- **Dataset section**
********

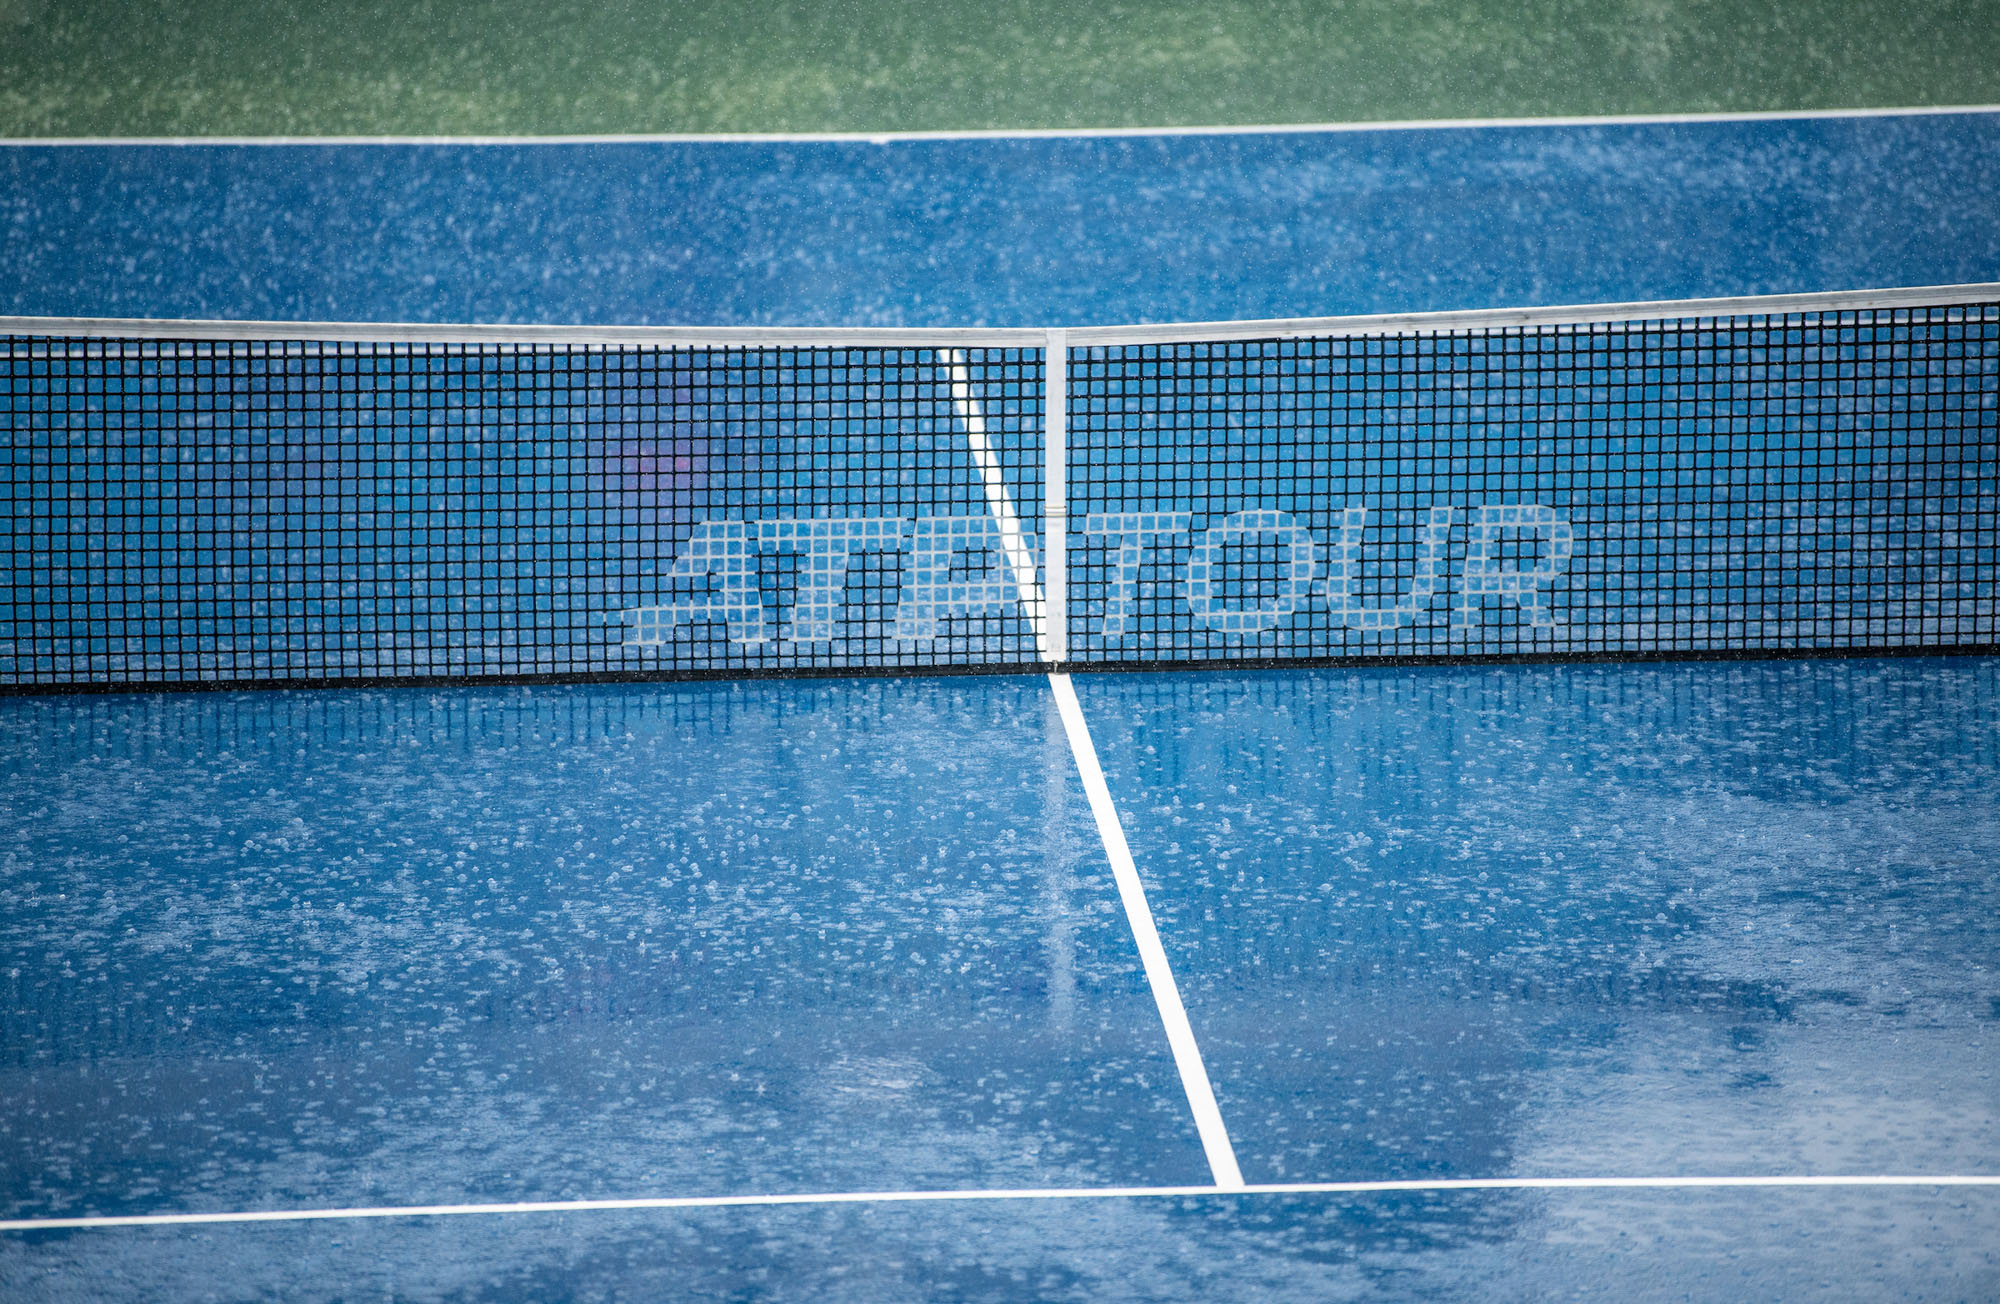 raining on the court
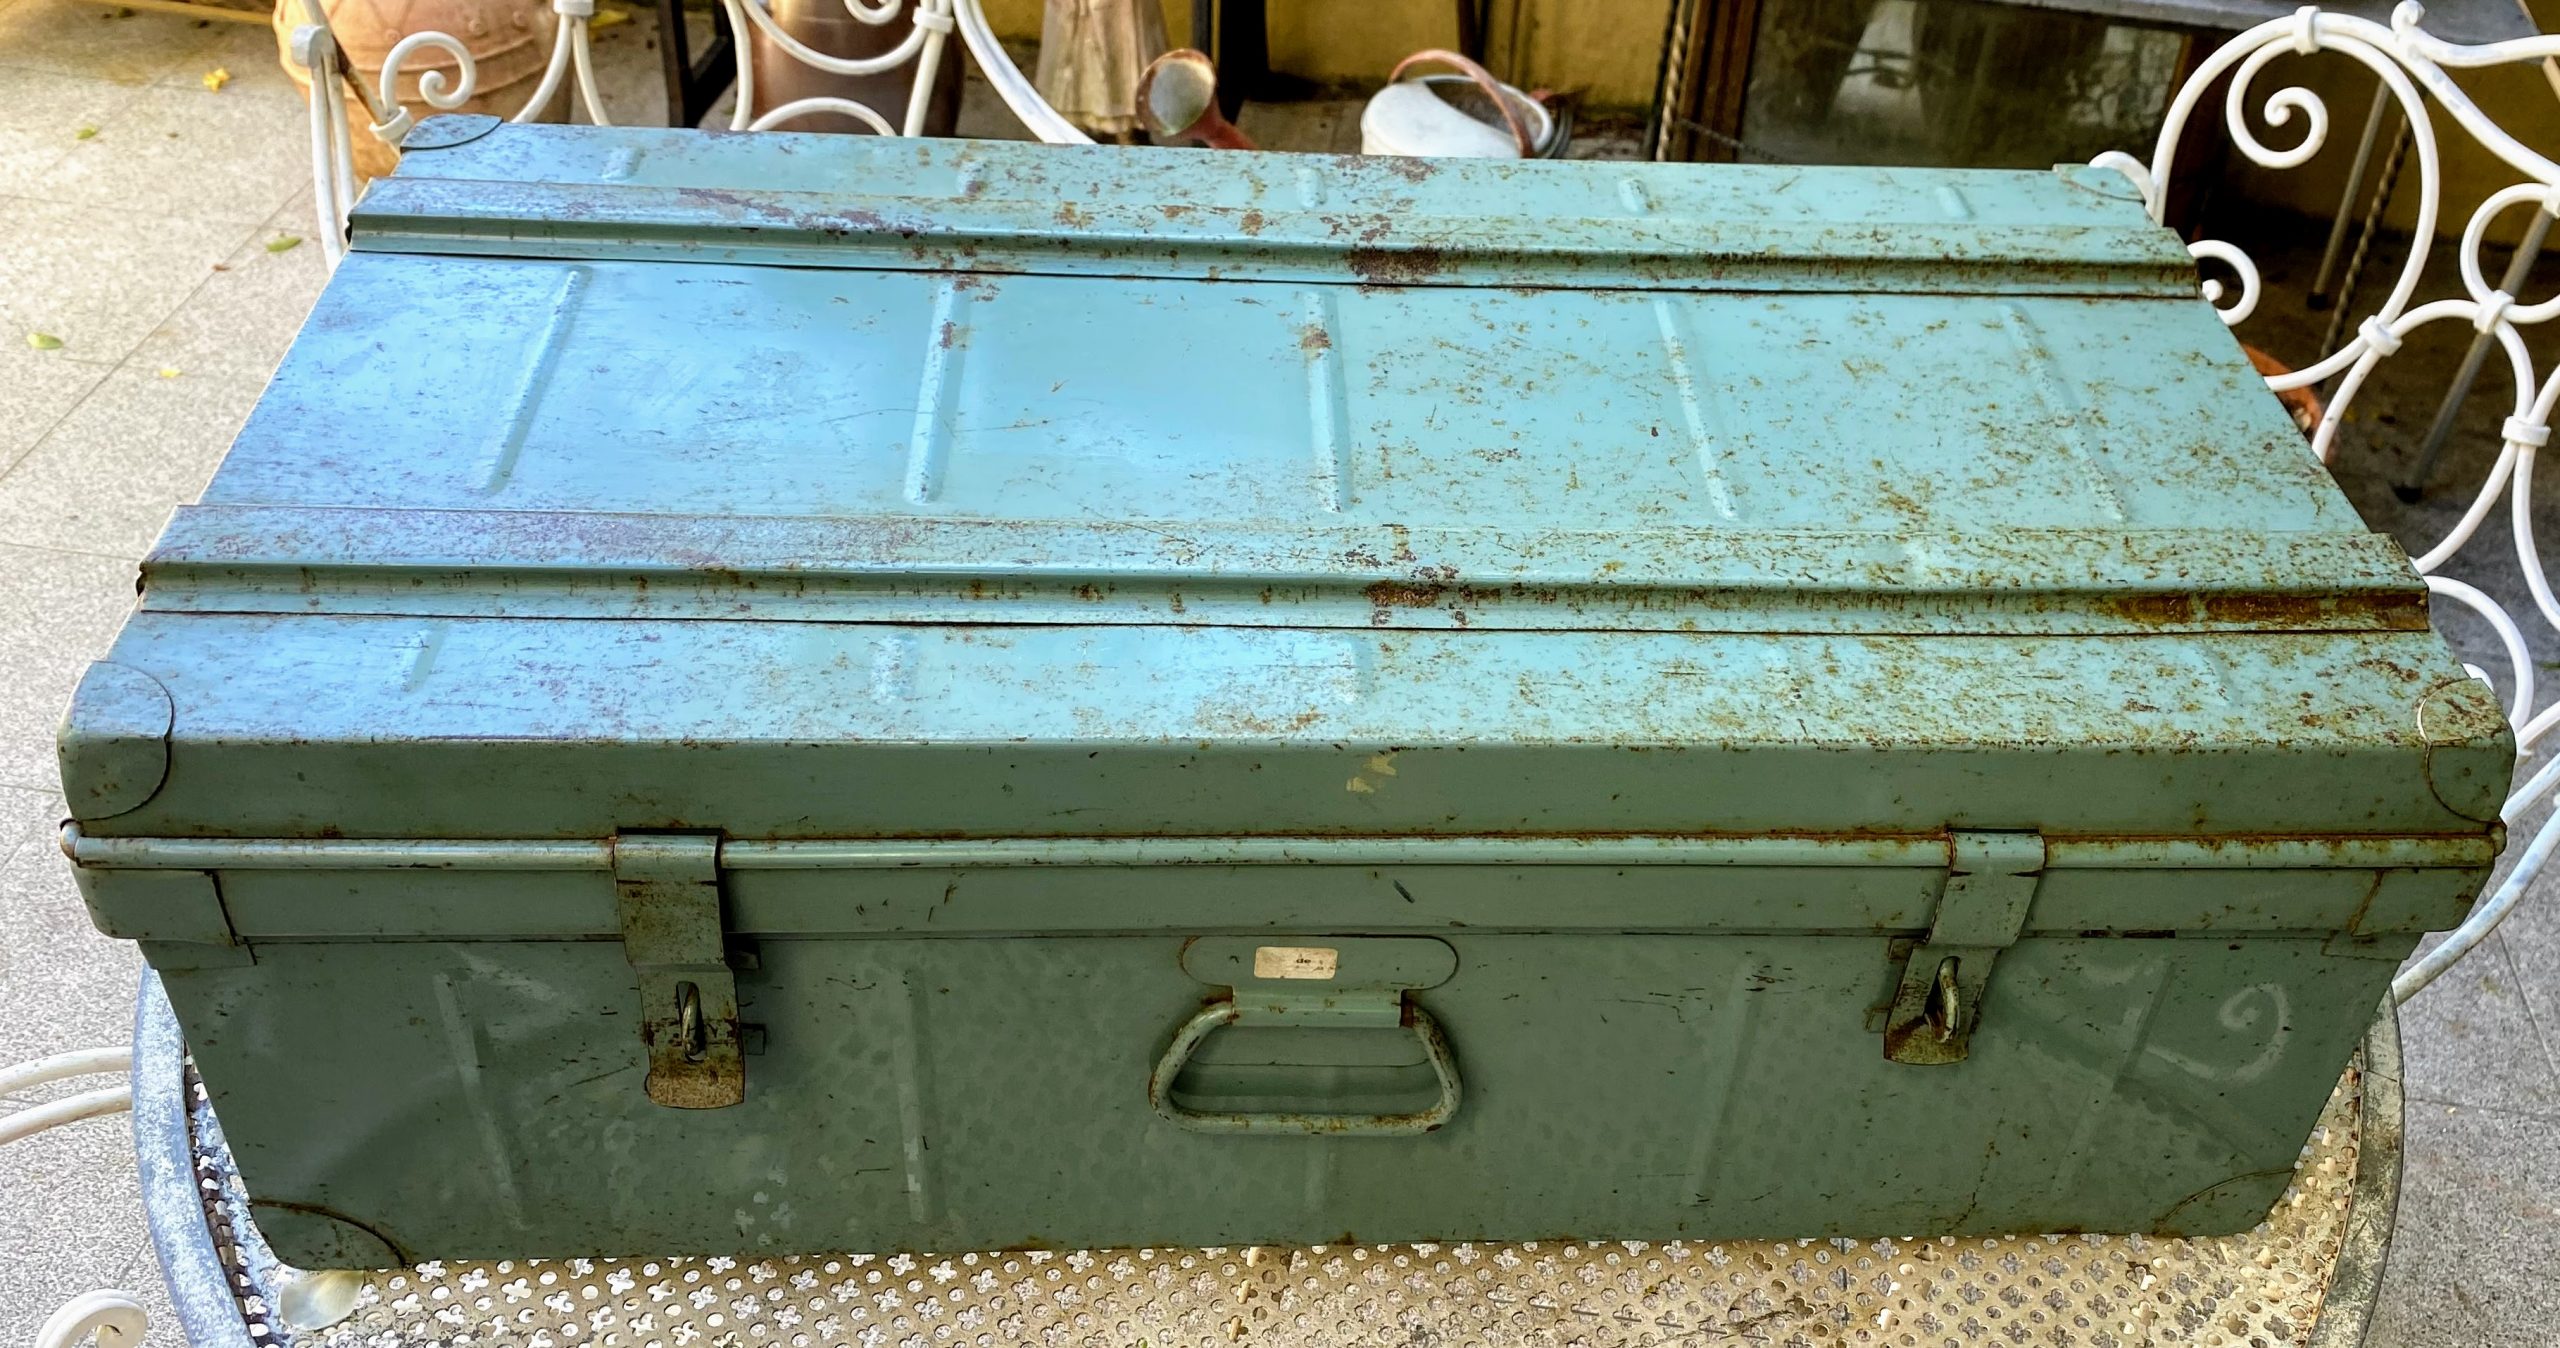 Trouw Ontslag Hol Vintage industriële metalen koffer turquoise blauw | Antiek en Curiosa
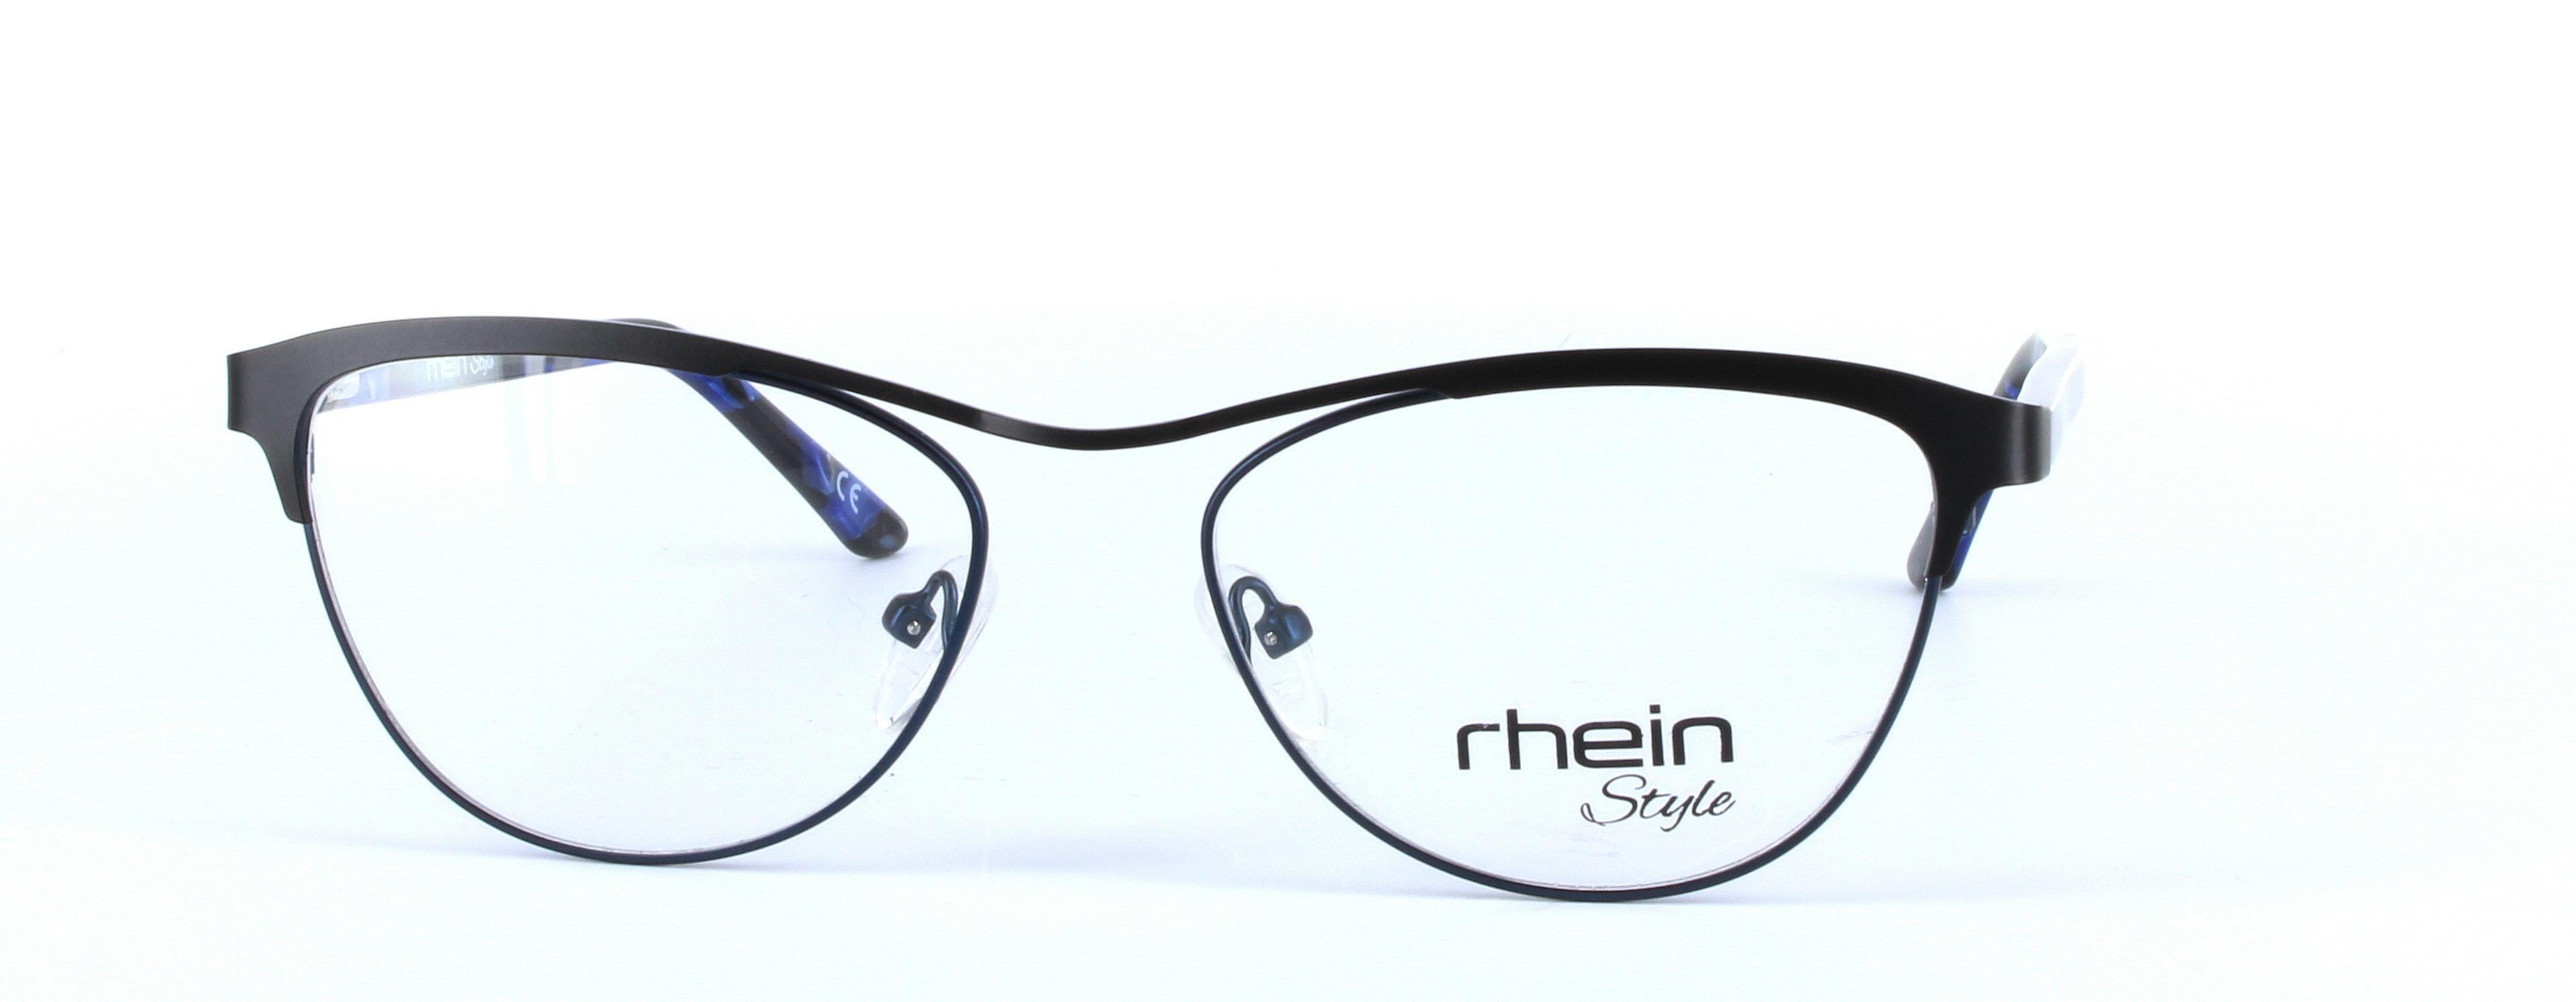 Bolla Gunmetal and Blue Full Rim Oval Metal Glasses - Image View 5
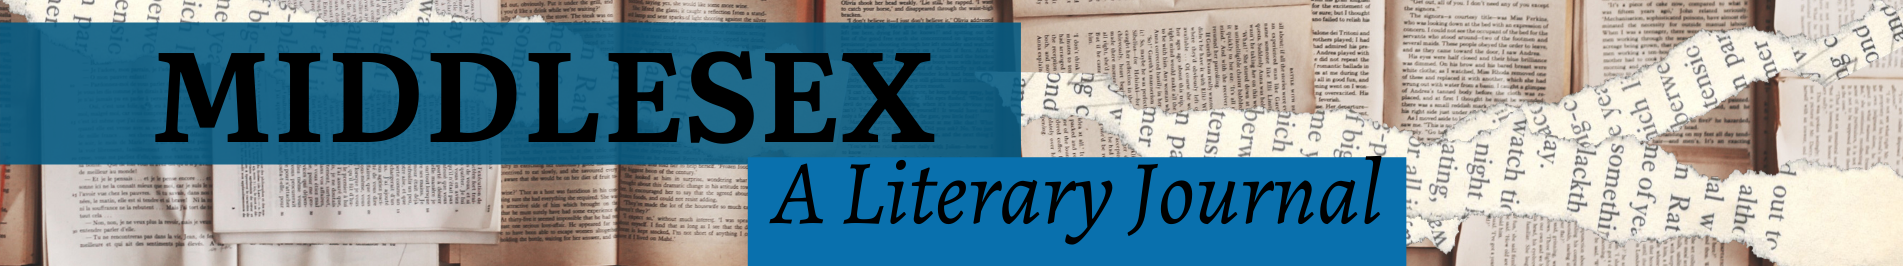 Middlesex: A Literary Journal

********

- **Your instructions**
With the pictures excluded, restate the material exactly as it stands.

- **Reply to the exercise**
 raining on the court
 Trouw Ontslag Hol Vintage industriële metalen koffer turquoise blauw | Antiek en Curiosa
 Bolla Gunmetal and Blue Full Rim Oval Metal Glasses - Image View 5
 Middlesex: A Literary Journal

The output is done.